Apollo’s caching techniques are much smarter than Relay’s.

The InMemoryCache normalizes query response objects before it saves them to its internal data store. Normalization involves the following steps:
The cache generates a unique ID for every identifiable object included in the response.
The cache stores the objects by ID in a flat lookup table.
Whenever an incoming object is stored with the same ID as an existing object, the fields of those objects are merged.
If the incoming object and the existing object share any fields, the incoming object overwrites the cached values for those fields.
Fields that appear in only the existing object or only the incoming object are preserved.

To learn more about caching in Apollo, checkout their documentation here.

The entire application was migrated from Relay to Apollo within a few hours! In the default setup, Apollo caches the query results in the memory. This is a problem because that cache only exists until the user is on the page. Once, the user exits the page, the cache is cleared. To persist the cache in the local storage I used apollo-cache-persists. All I had to do was add 3 lines of code and now my cache persisted in the local storage!

But now, the cache would never be updated because the data is always available in the cache. To fix this, all I had to do was set the fetch policy to cache-and-network. By using cache-and-network the data is always read from cache if it’s available and the data in the cache itself is updated in the background.

Optimizing the Cache

Lastly, there was one final problem. This wasn’t a problem, rather something that could be improved. When you go to a hospitals page, all the information is refetched. But, a lot of that information would already be added to the cache when the user visits a locations page. The only extra information needed for the hospital page was their phone number, website and address.

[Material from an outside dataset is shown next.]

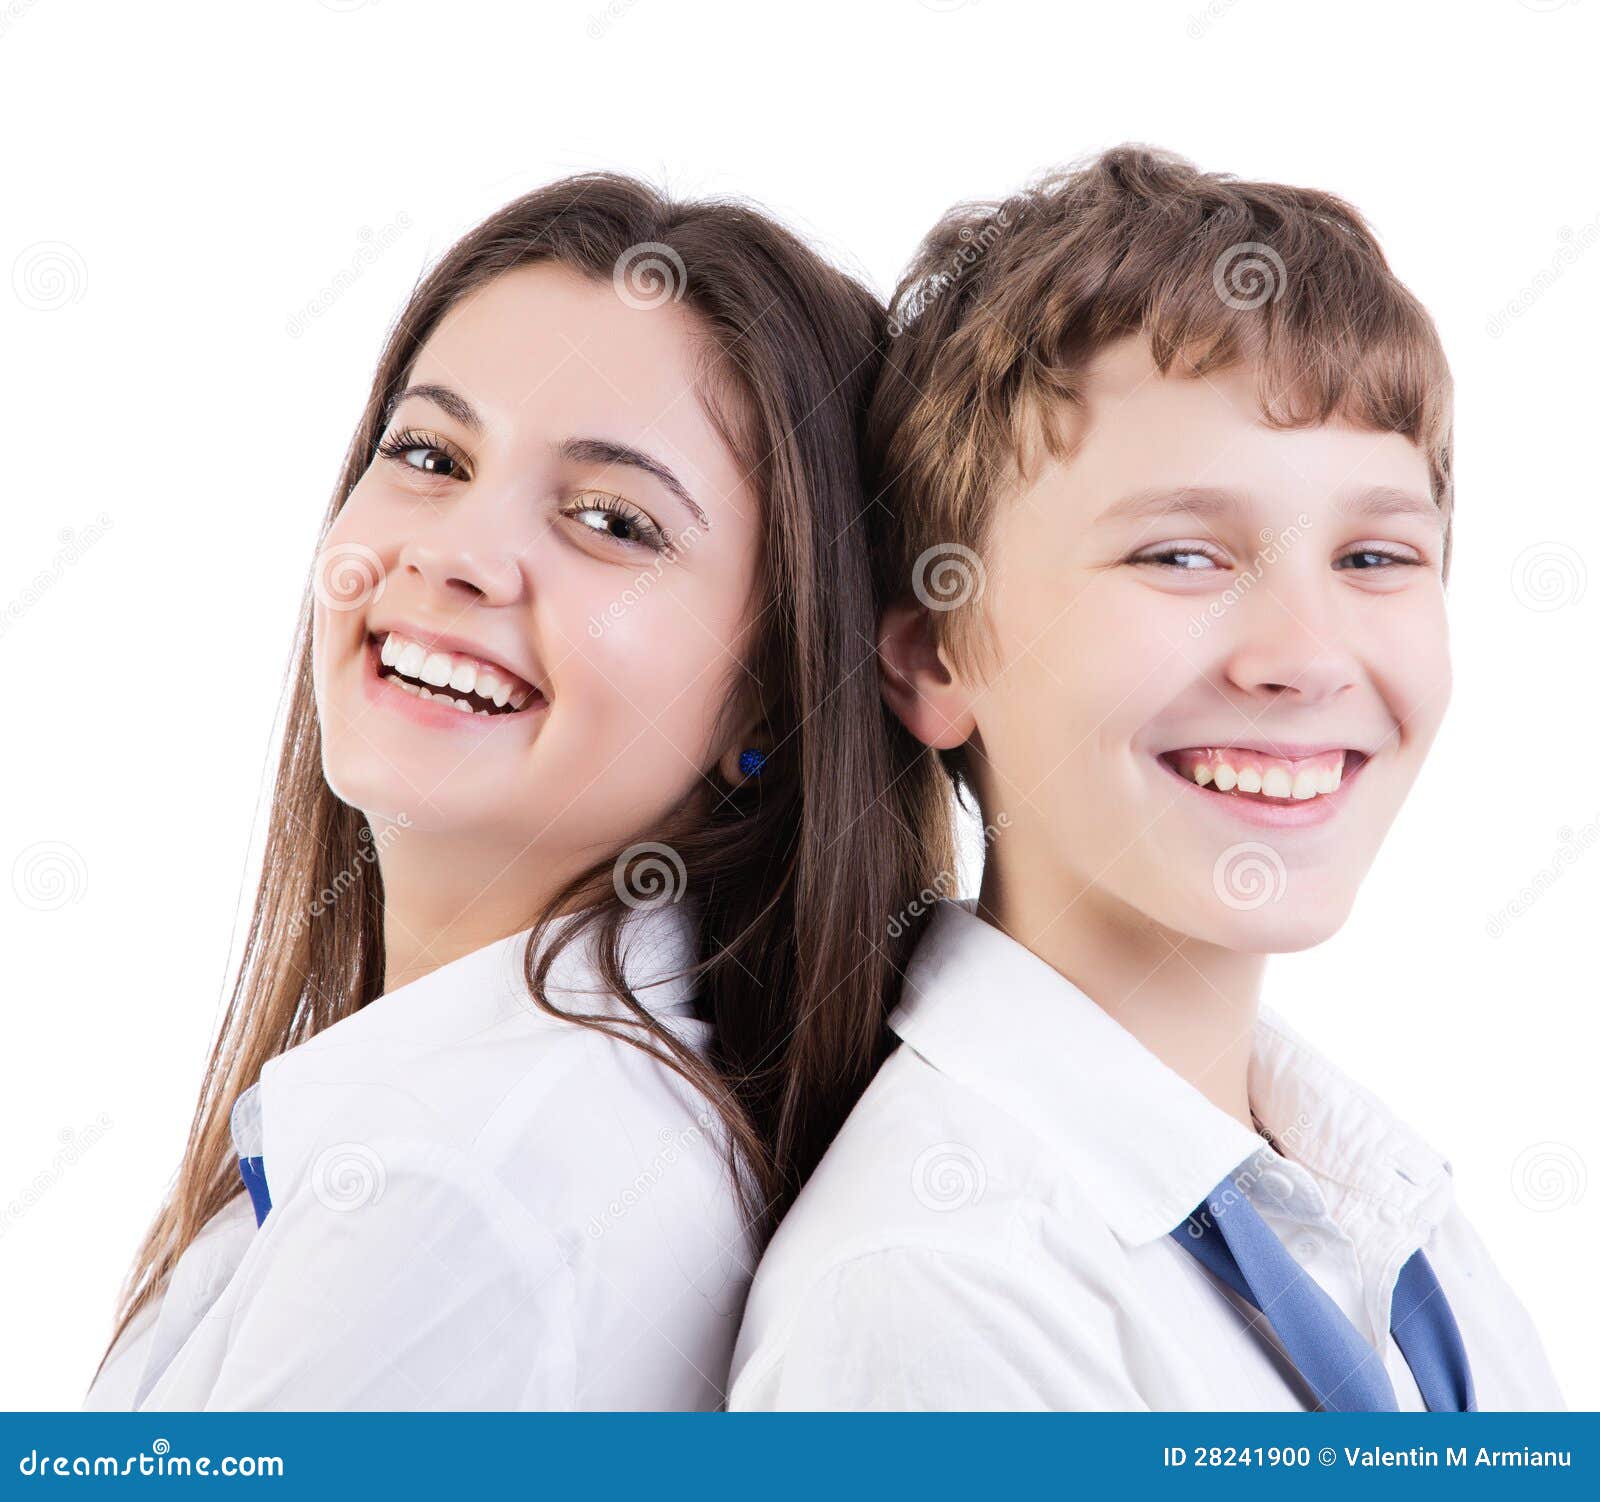 Are teenagers happy. Счастливые подростки 14 лет на белом фоне. Счастливая с подростками фото красивые на прозрачном фоне. Счастливая подростковая парамедицина. Счастливый подросток девочка с врачом мужчиной.

So, I just added these fields to the query which fetches all the hospitals on the locations page and made use of client.readFragment to fetch that data from the cache if it’s available.

Results of these changes

Initial render times decreased from around 5 seconds to only about a second.
Searching, filtering and sorting are now literally instantaneous.
The website can be used even when the user is offline.
The speed and responsiveness of the website is pretty much independent of the users’ internet connection, i.e. it works equally well when the user is online, offline or has a bad internet connection (assuming they’ve visited the website before).
It can now install the app and add it to their home screen to access it like a native app.
Lastly, it reduced the load on our server and database (this was never the goal but a welcome side effect!).

All in all, these changes significantly improved the performance of the website, improved the user experience and made it more accessible, specially to those living in remote areas.

Note: None of these queries are the actual queries used on the website and serves only as examples.